» Exercise aim: The required copy runs from the first line of the material through the line containing "A naked woman", exactly as written and without pictures.

───── Exercise data ─────

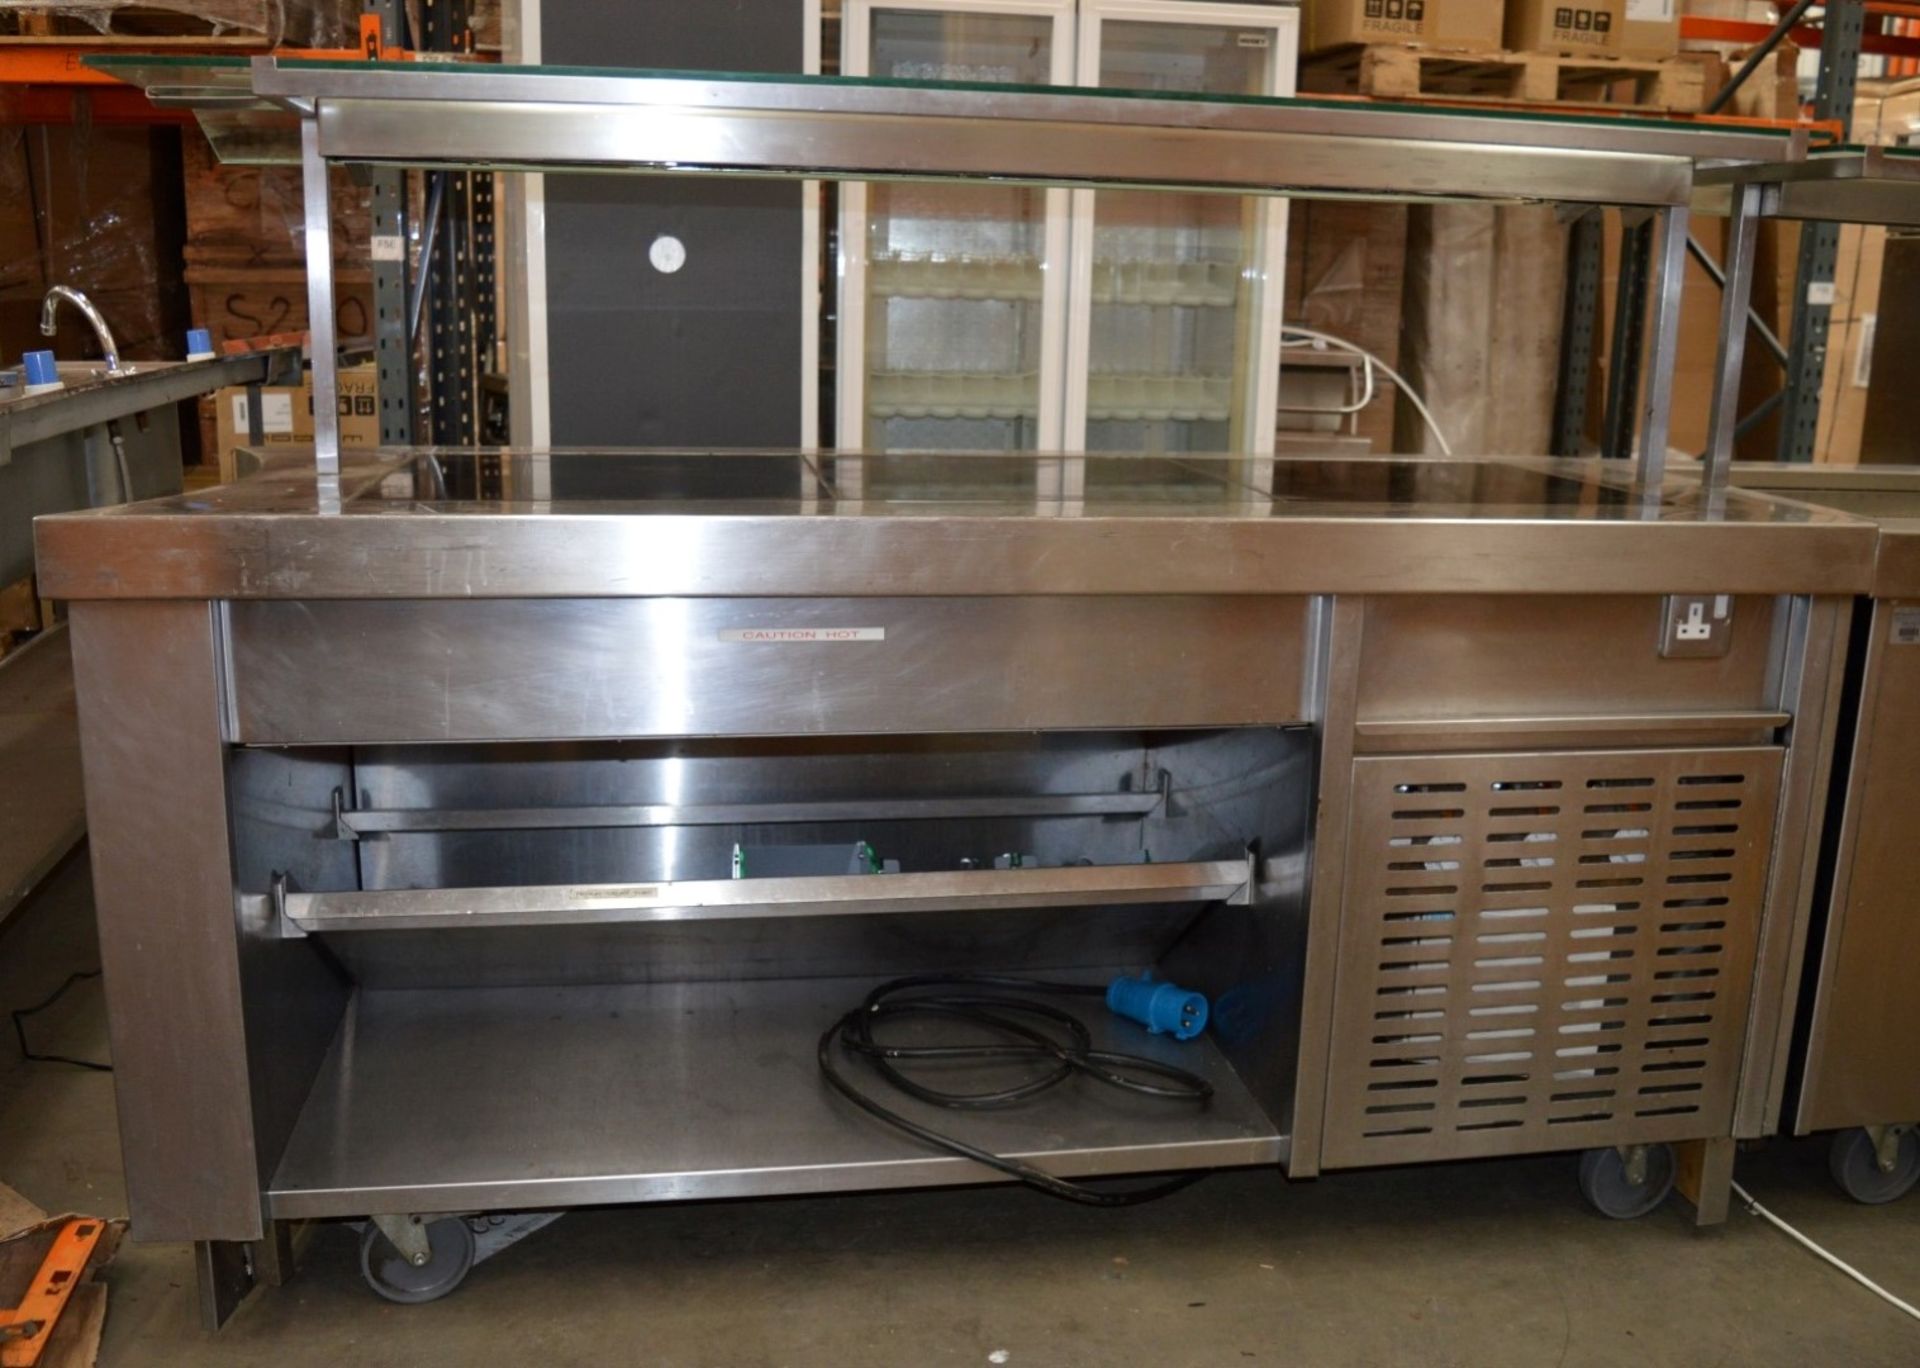 1 x Heated Ceran Serving Counter - Triple Ceran Hot Plates Plus Overhead Heating - On Castors For - Image 4 of 6
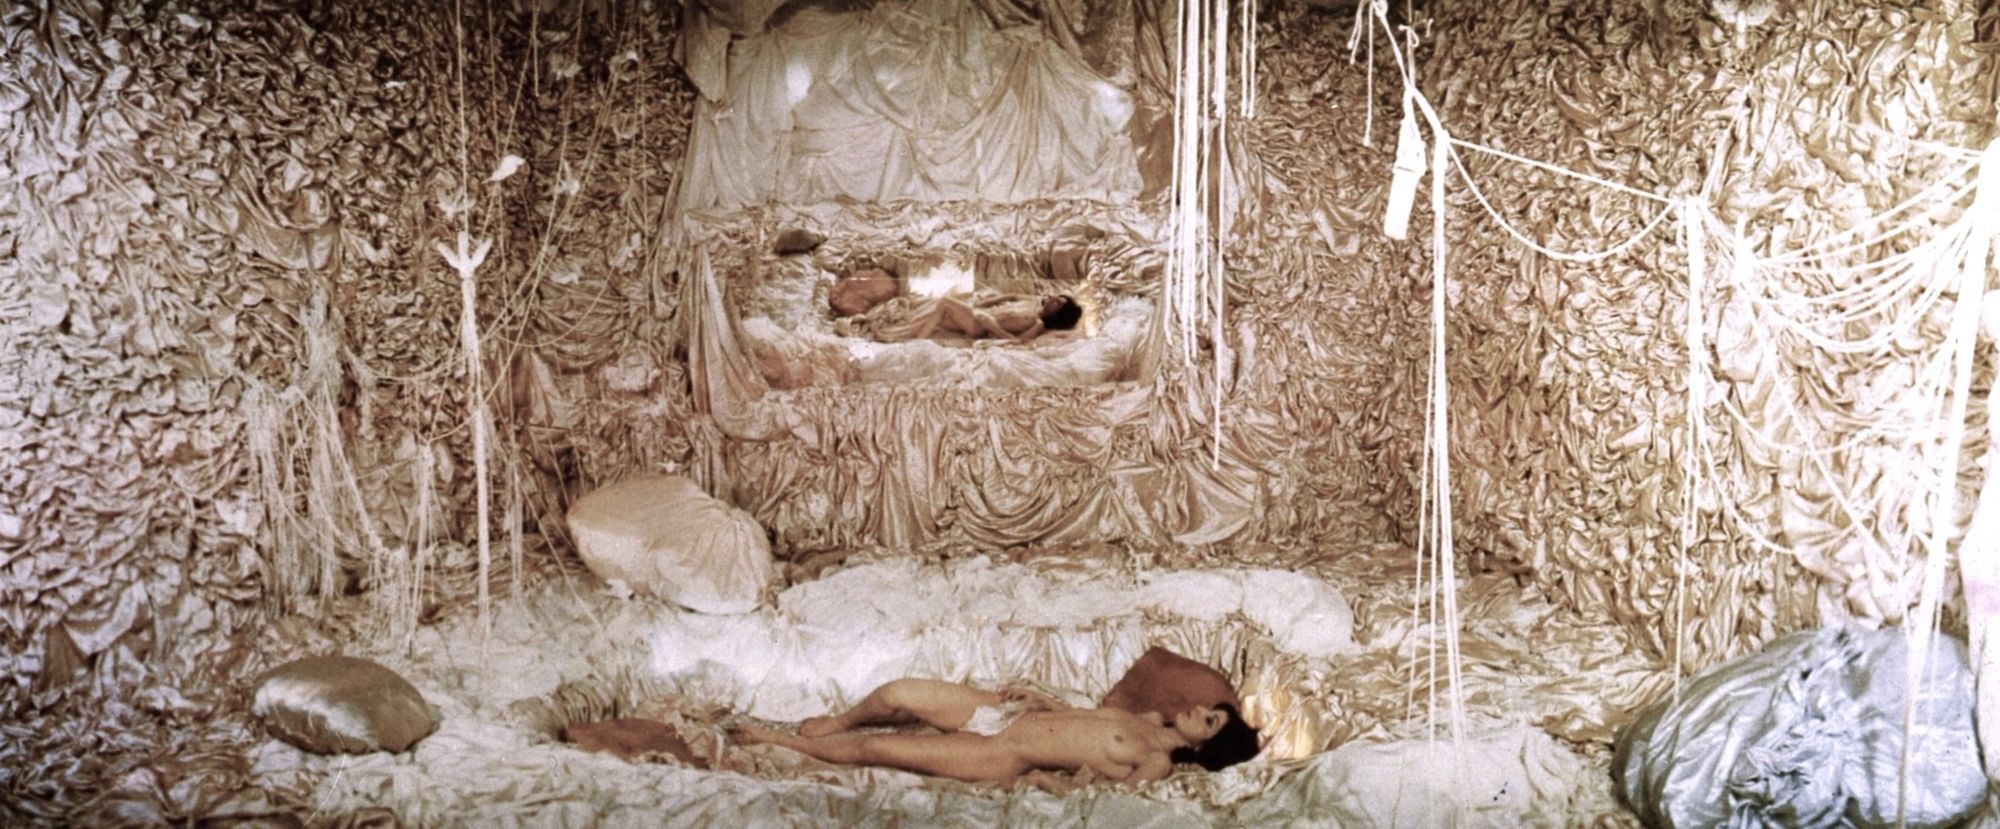 A naked woman slumbers in a room festooned with beige silk and string.
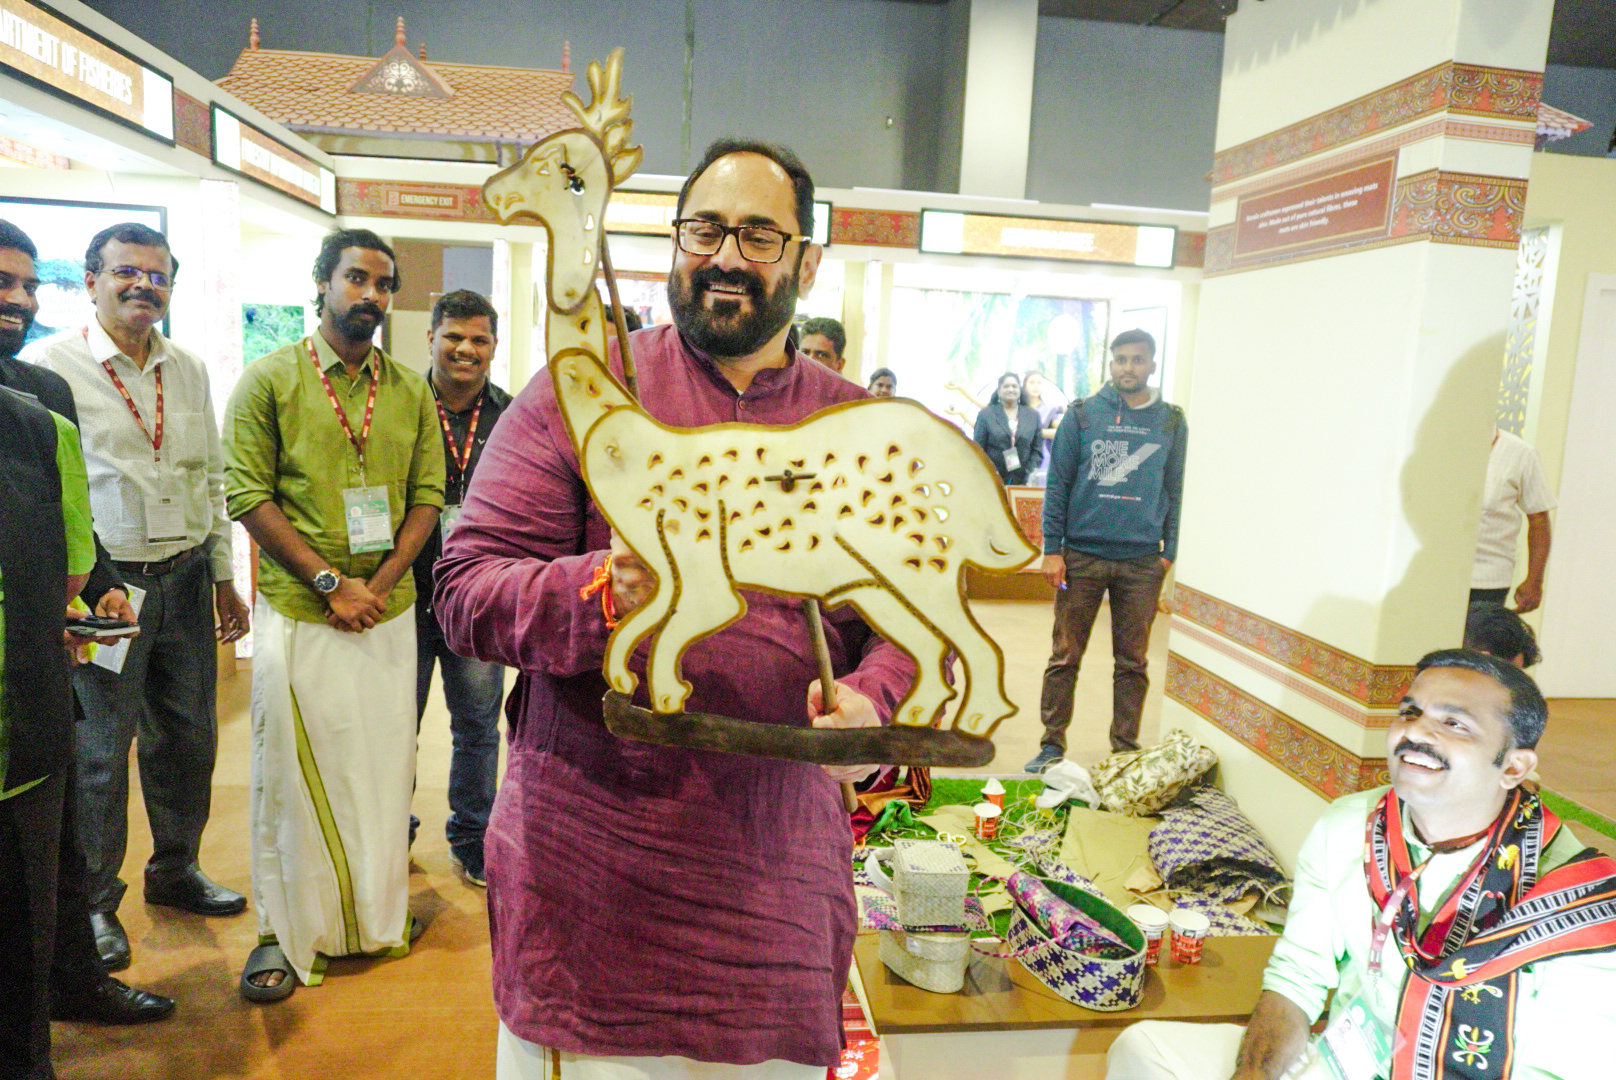 IITF-2022: Kerala pavilion resembles the tradition of God’s Own Country, says Rajeev Chandrasekhar
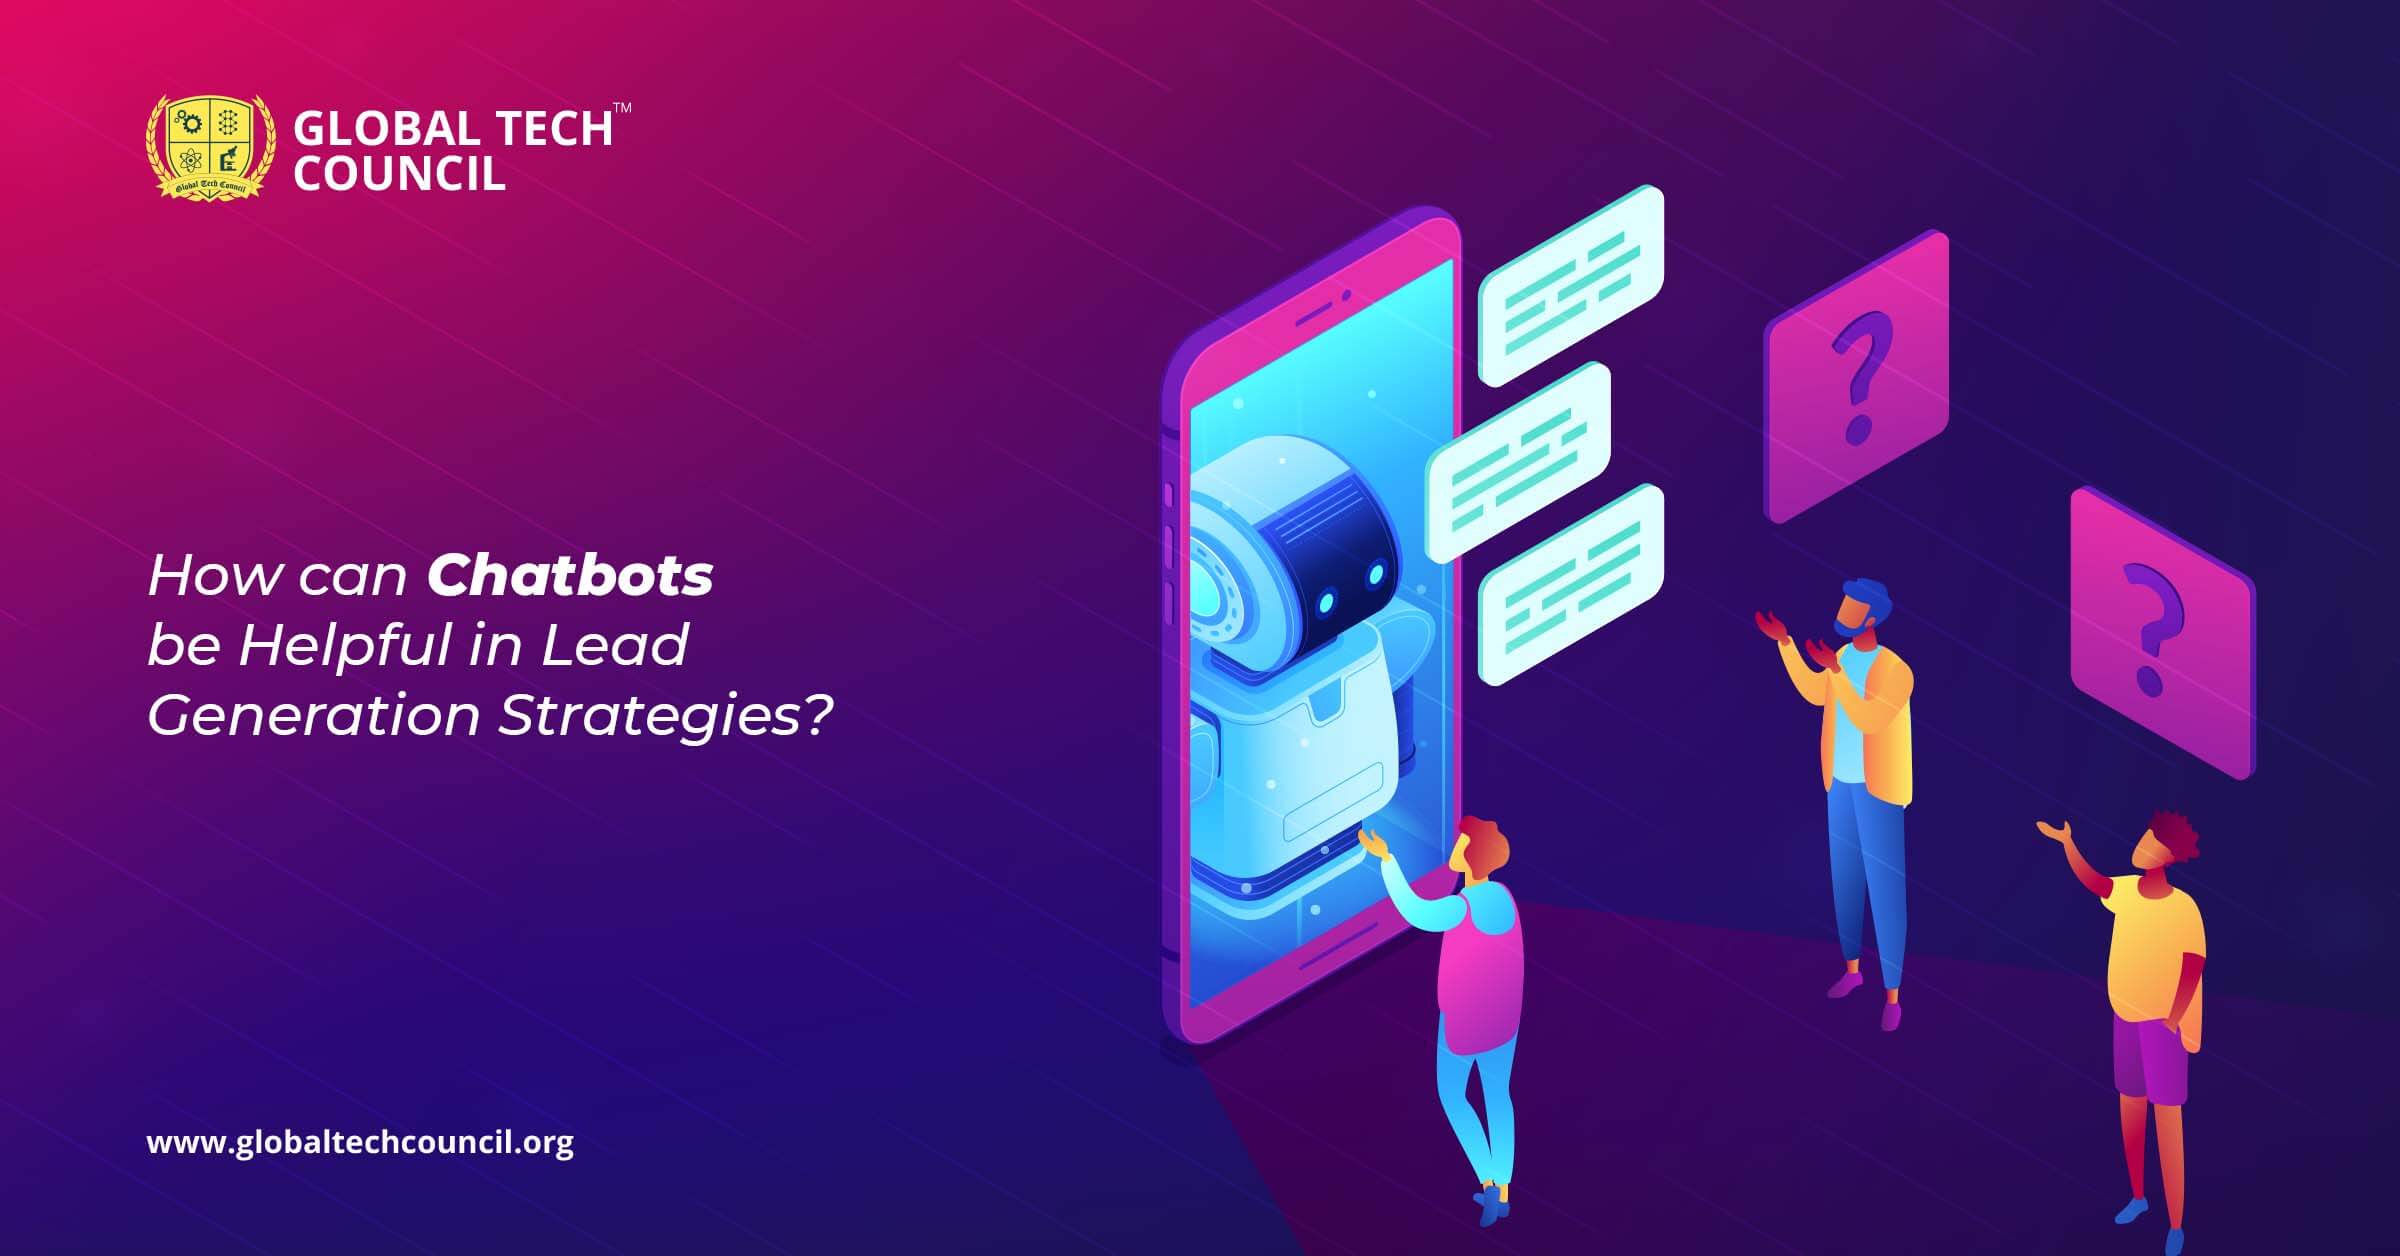 How can Chatbots be Helpful in Lead Generation Strategies

─────

» Reply to the task:
 1 x Heated Ceran Serving Counter - Triple Ceran Hot Plates Plus Overhead Heating - On Castors For - Image 4 of 6
 A naked woman slumbers in a room festooned with beige silk and string.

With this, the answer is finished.